А если говорить о скорби за свой народ, сокрушающей сердце художника, то я заплачу и содрогнусь вместе с Гроссманом, читая у него про гибель еврейского мальчика в газовой камере, и не поверю бутафорскому трупику Суламифи, который подброшен Горенштейном для иллюстрации очередного тезиса.
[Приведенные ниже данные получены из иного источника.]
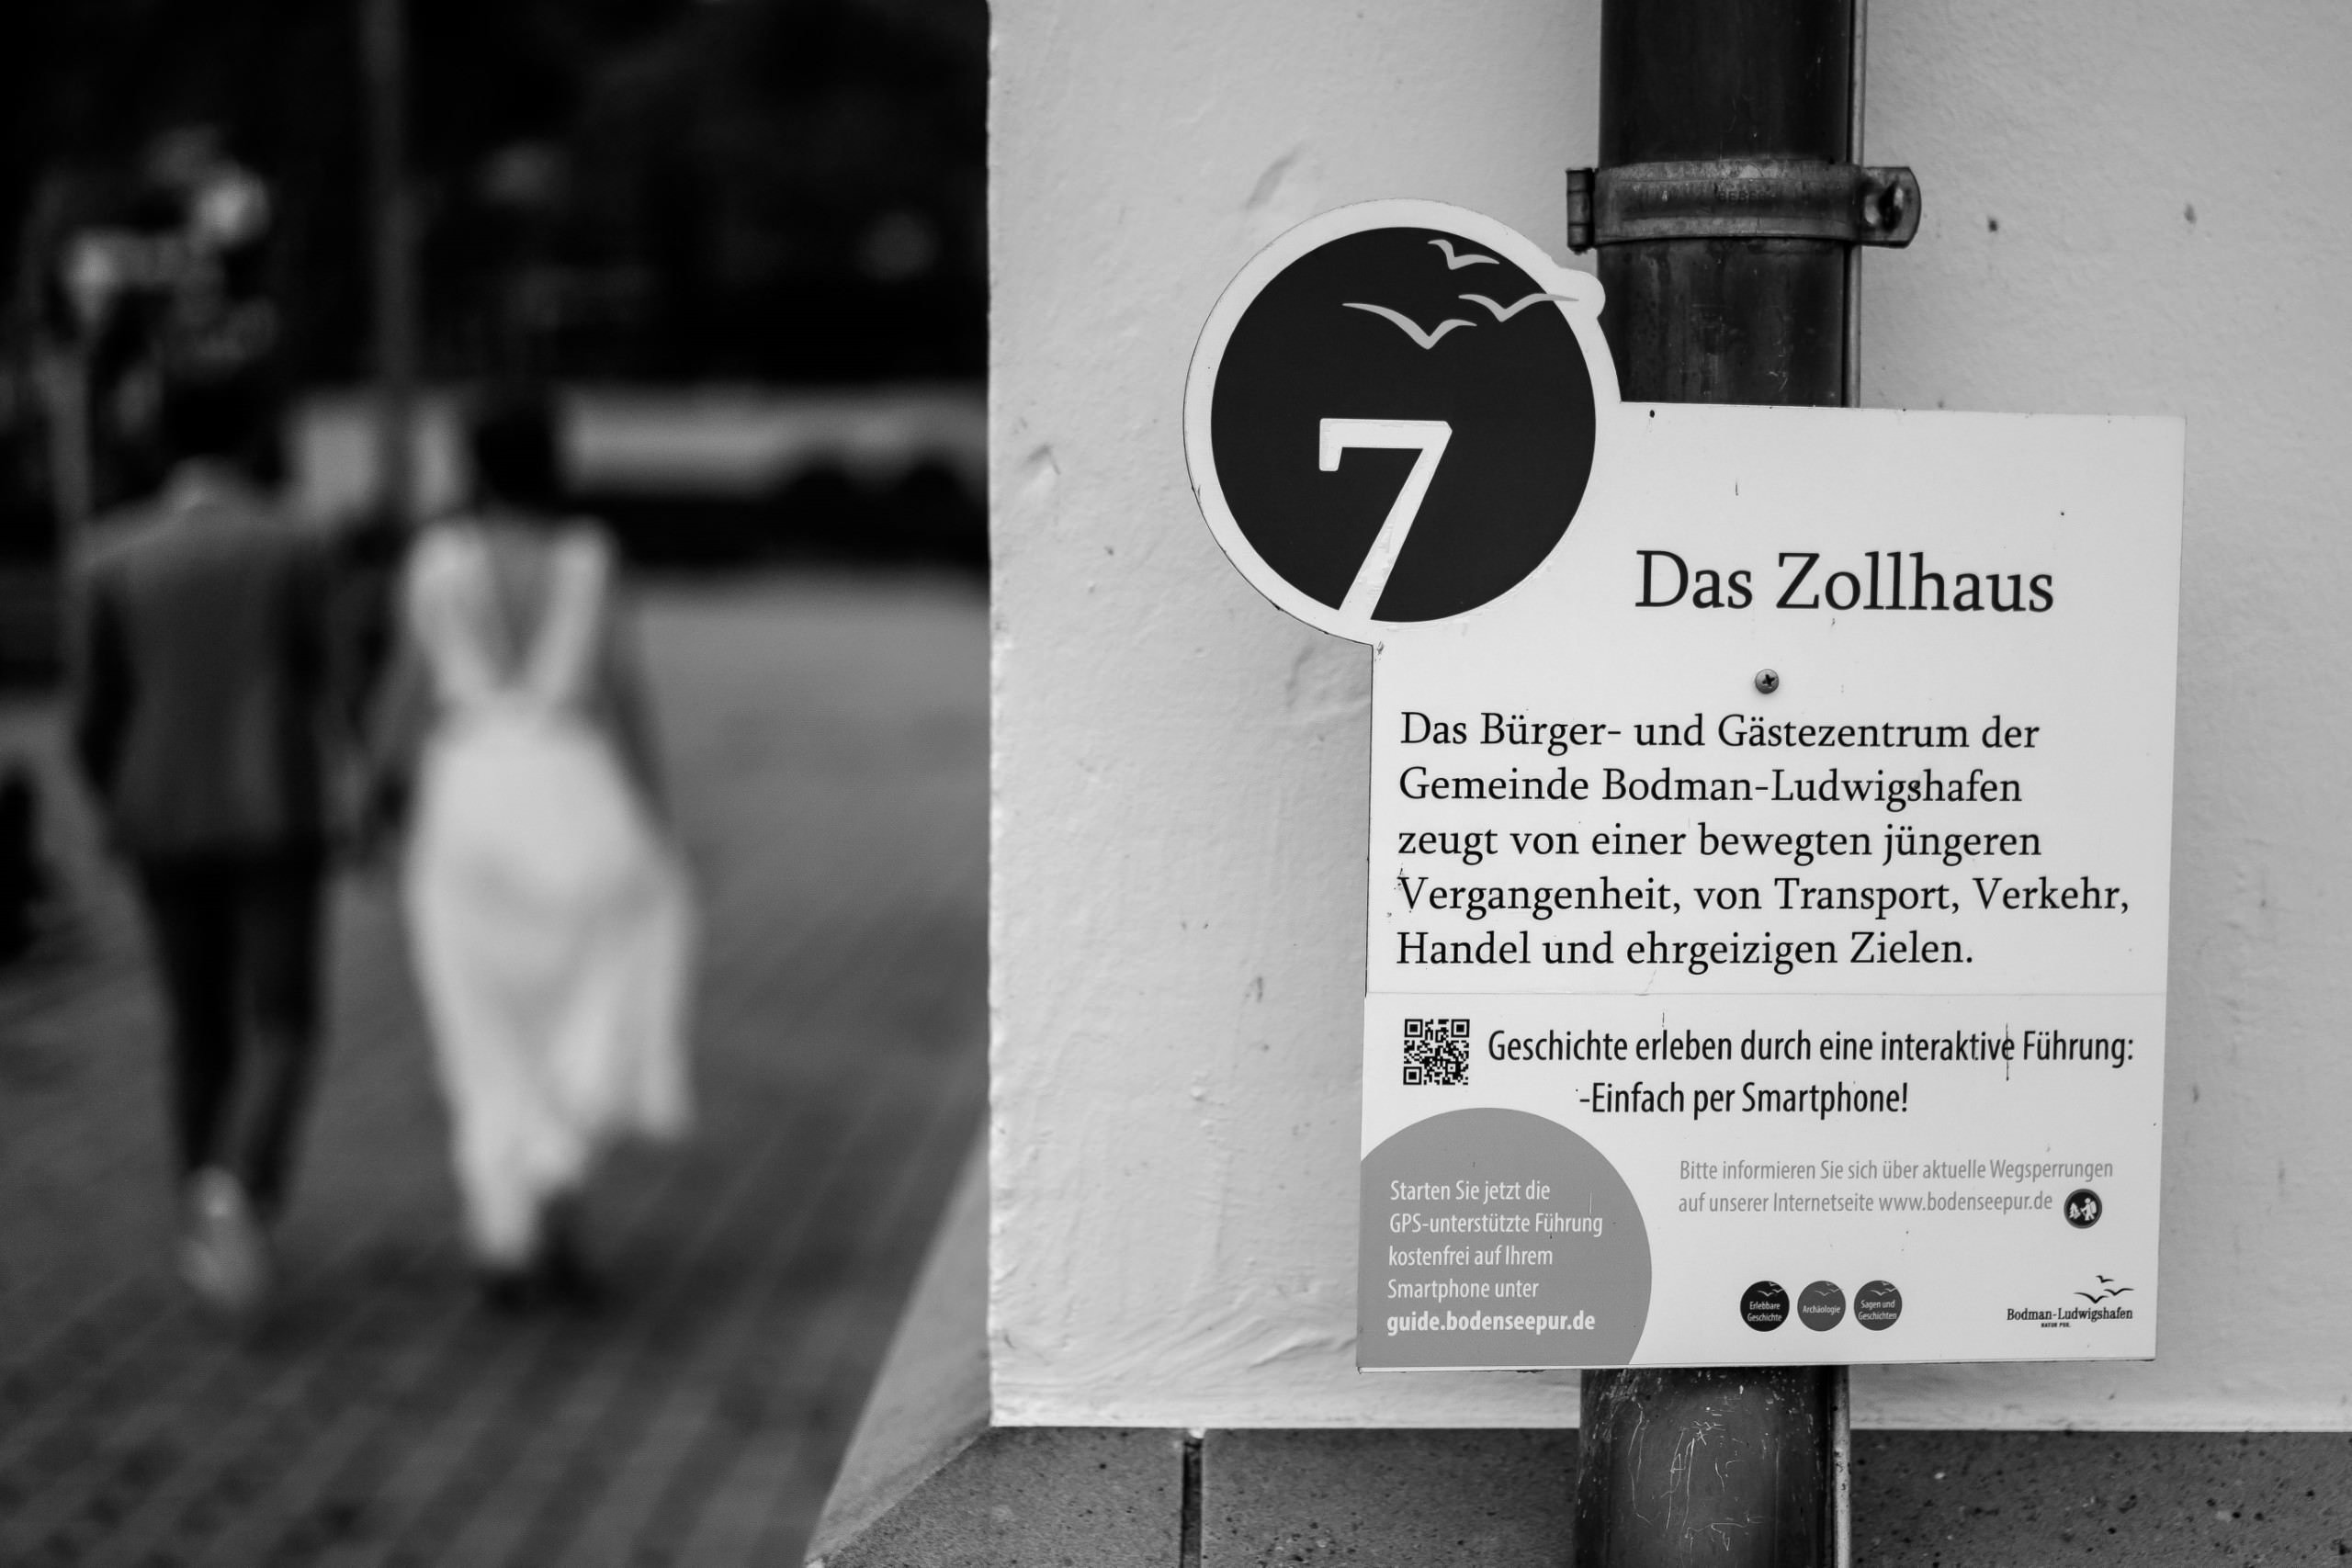 Aida + Tim | Hochzeitsfotografen am Bodensee Hochzeit - Zollhaus, Ludwigshafen  - Hochzeitsfotografie von Aida und Tim

И еще кое о чем из области этики.
Нравится ли вам рассказ о полукровке Васе, «который способностью портить воздух был известен в широких кругах, помимо своего страстного антисемитизма»? «Газ из кишок исходил у него по-разному, отражая его внутреннее состояние. Иногда как ясное короткое слово, иногда как тихая протяжная жалоба, а иногда как дикий вопль ужаса». Так вот, на Васином лице при посещении выставки Шагала «царило то творческое напряжение, которое является на лице человека, сидящего в туалете. Впрочем, такие лица можно и в церкви встретить». До подобных приемов не унизился и автор романа «Все впереди», создатель бесподобного Миши Бриша. А вот у старогвардейцев, если порыться, что-нибудь похожее непременно найдется. Конечно, при таком безудерже оскорблениям подвергаются не только вымышленные лица. В филиппике против выкрестов выводится вся из предательского шкурного страха «талантливая церковно-березовая лирика поэта, мечтающего, чтоб за дорогими сердцу “молебнами”, сладкими слуху (?), “облетающими осенними садами” и живописно изображенным рождественским снегом русский читатель забыл или хотя бы простил ему еврейское происхождение». Вы, естественно, угадали имя: Борис Пастернак.
И под конец, переходя на «личность», – как мог человек, написавший следующее: «… постоянная неприязнь к немцу, к немецкому отныне должна была стать национальной чертой Господнего народа, в предостережение иным историческим врагам», – как мог он поселиться после этого в Германии и жить там долгие годы? [308]
Урок «Псалма» заключается, во-первых, в том, что эстетически провальное и мыслительно бесплодное кружение словесности пришло не из сегодняшнего, а из вчерашнего дня. Понижение уровня, думаю, происходило вместе с уходом культурного поколения, помнившего дооктябрьское «мирное время». И в 20-е, и в 30-е, и еще в 70-е годы, несмотря на диктат, создавалось много значительного – благодаря незримой культурной эстафете, передававшейся от них к нам. «Пушкинский дом» Андрея Битова, посвященный и этой теме, стал подведением черты. В середине 70-х что-то оборвалось, но из-за приметности отдельных ярких талантов на общем застойном фоне облом эпохи не сразу выявился… Связь будет восстанавливаться, видимо, сначала силами молодых филологов, историков, философов – «архивных юношей», если в них не возобладает инфантильная воля к разрыву, а уж потом – писателей, поэтов, литературно-журнальной их свиты…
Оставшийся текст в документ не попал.